Best practices for ex staff and their devices - Security/Compliance

Copper Contributor

Hi All,

What are the best practices or the general consensus on what happens to an ex staff members AAD/AD account and device within Azure and Intune.

At present we only disable ex staff and leave the disabled account in Azure/AD (Hybrid environment) and leave the device in Intune...Only after 180 days is the device removed from AAD of non activity. 

 

My colleague is of the option, just leave the device and disabled user in AAD for record keeping as it does no harm leaving them there. 

 

Now I think, we should be doing the following:

Wiping the device via Intune (this will remove it from AAD and Intune)
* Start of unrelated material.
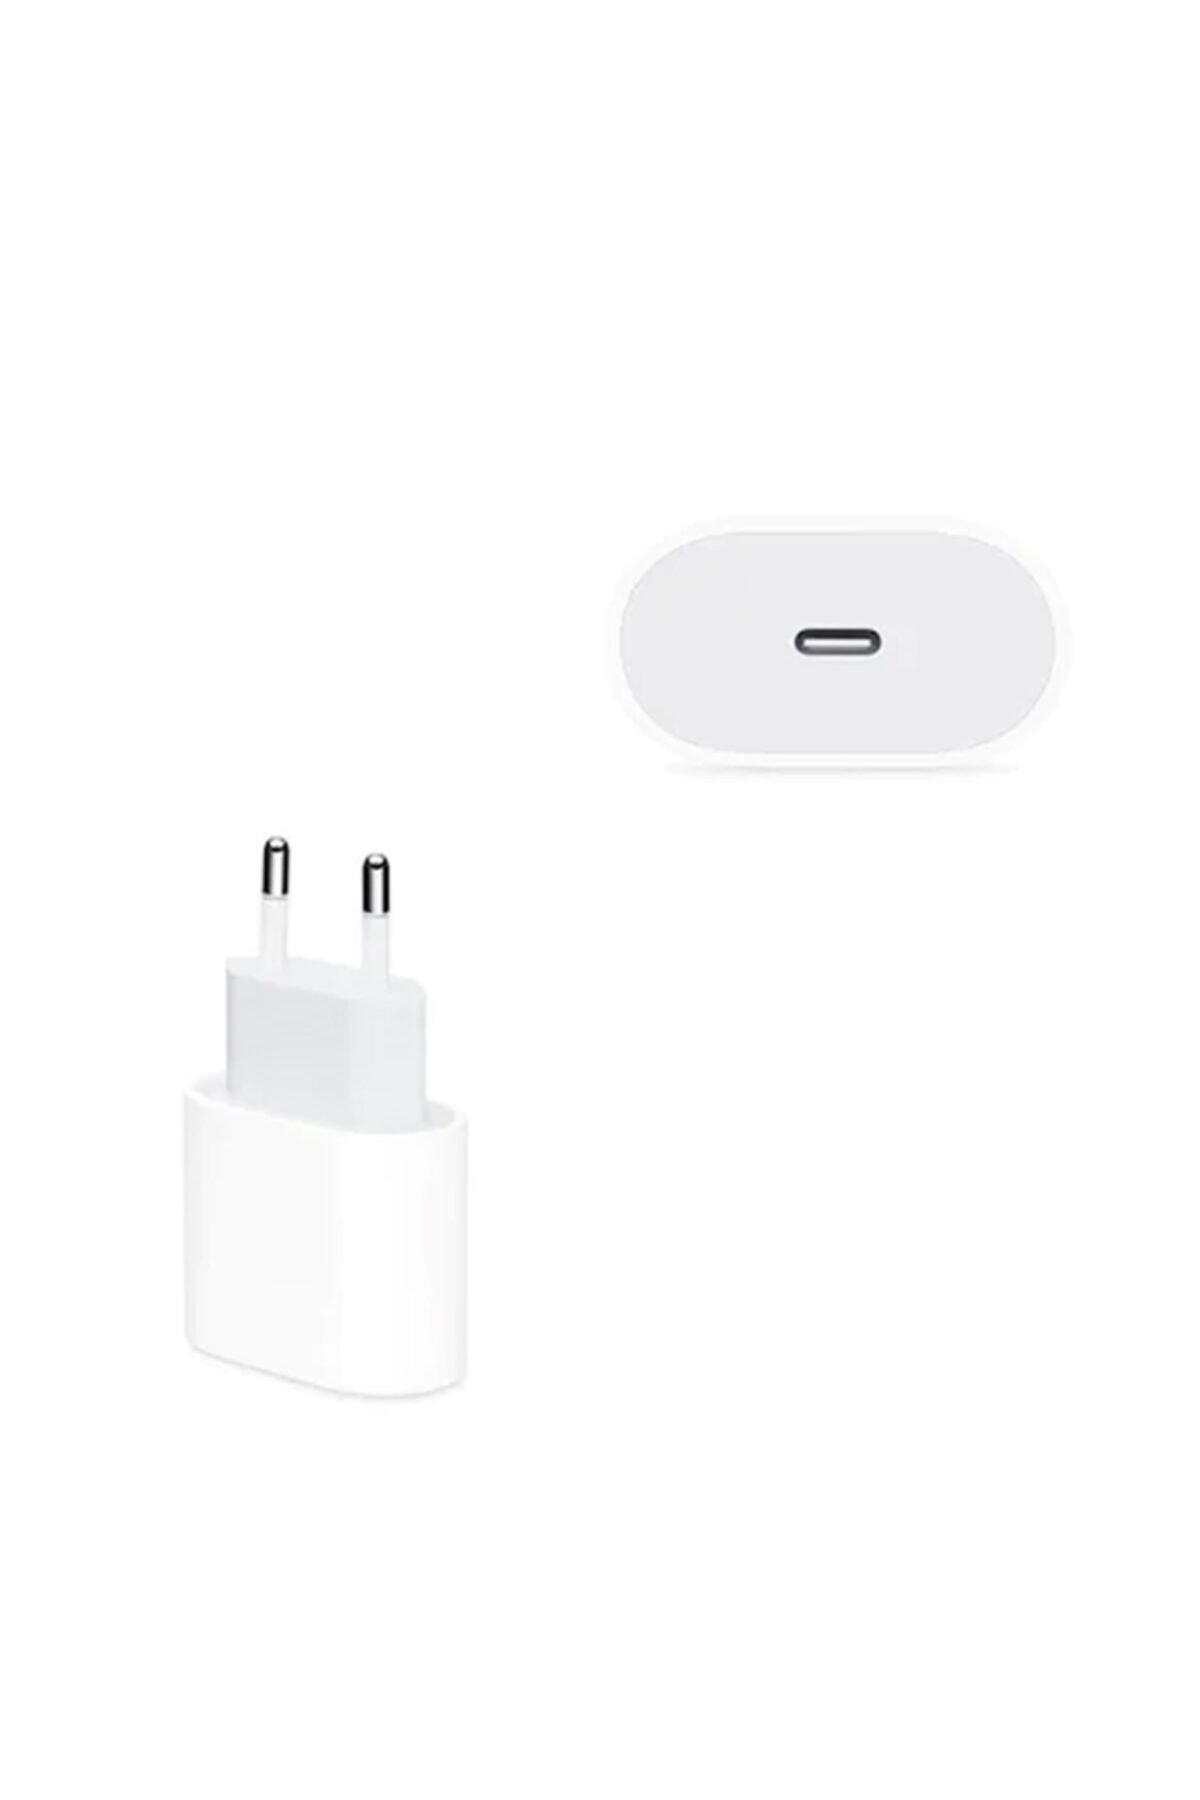 TY Tech Macbook Ipad Iphone 11 / 12 - Pro Max Mini Uyumlu 20w Adaptör Kablo Usb-c Pd Hızlı Şarj Aleti 2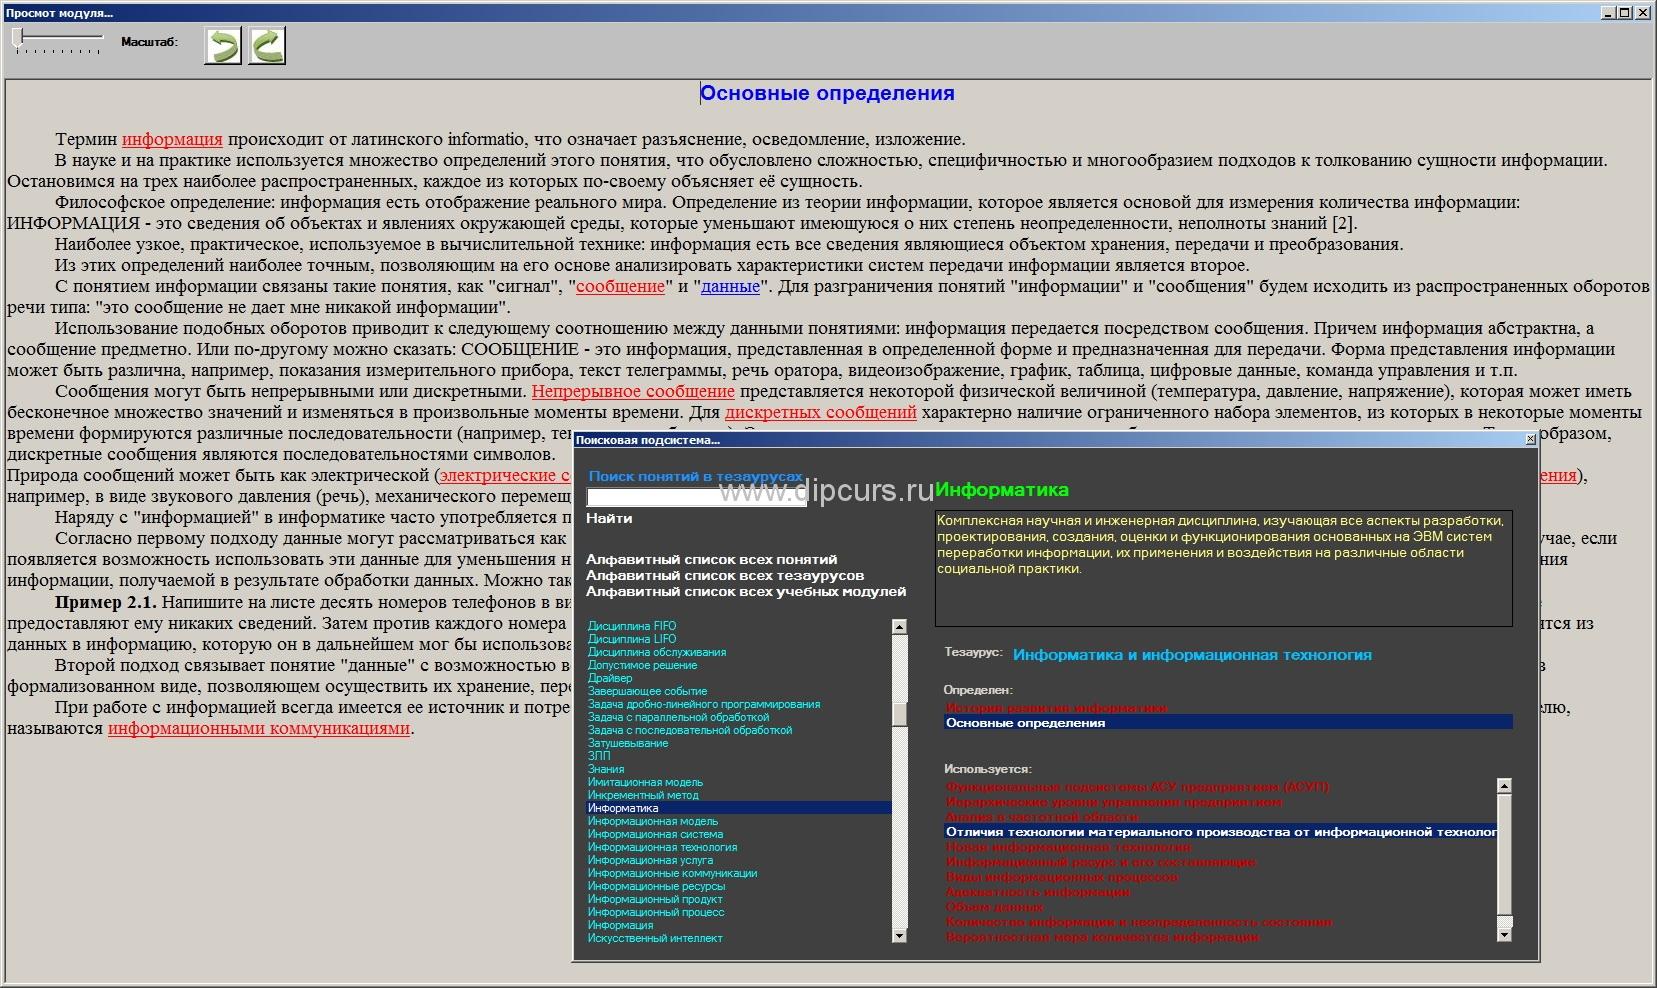 Программу для создания дипломной

Disable user from AAD/AD, remove from all groups and then once done, delete the user (I appreciate there might be broken links in SharePoint etc, but with a disabled user the same issue)

 

So, from a compliance and security prospective what are the best practices for dealing with ex staff and their devices?
I know every company has different ideas

 

Regards

Rachel  

2 Replies
I am afraid there is no good answer for this. There are no best practices here as everything will eventually come down to each organizations own security policy. In my personal opinion, a leaver's record can be retained for a set duration, but as a good housekeeping practice, it is also good to clean the inactive and stale objects after this set duration has passed.
The thing that must drive your decisions must be based on your data retention policies. Those will drive all decisions regarding accounts, data governance/retention, etc. And consequently, it will also drive how you handle accounts: Everything from immediate deletion of logins/credentials & remote wipe of devices all the way to just "changing passwords" and disabling remote access are on the table. Good question, but @rahuljindal-MVP is completely correct, there's not "best practice" because every case, every company, and every industry is different. It even changes over time as technology changes and evolves, as laws change. 15 years ago Fax machines were considered the cat's meow for HIPAA compliance, until one day a doctor's office sent his patient's positive HIV test results to an office Fax, where all the colleagues and management saw the results. $2 million later, Fax is no longer considered "HIPAA Compliant". Weird how that works.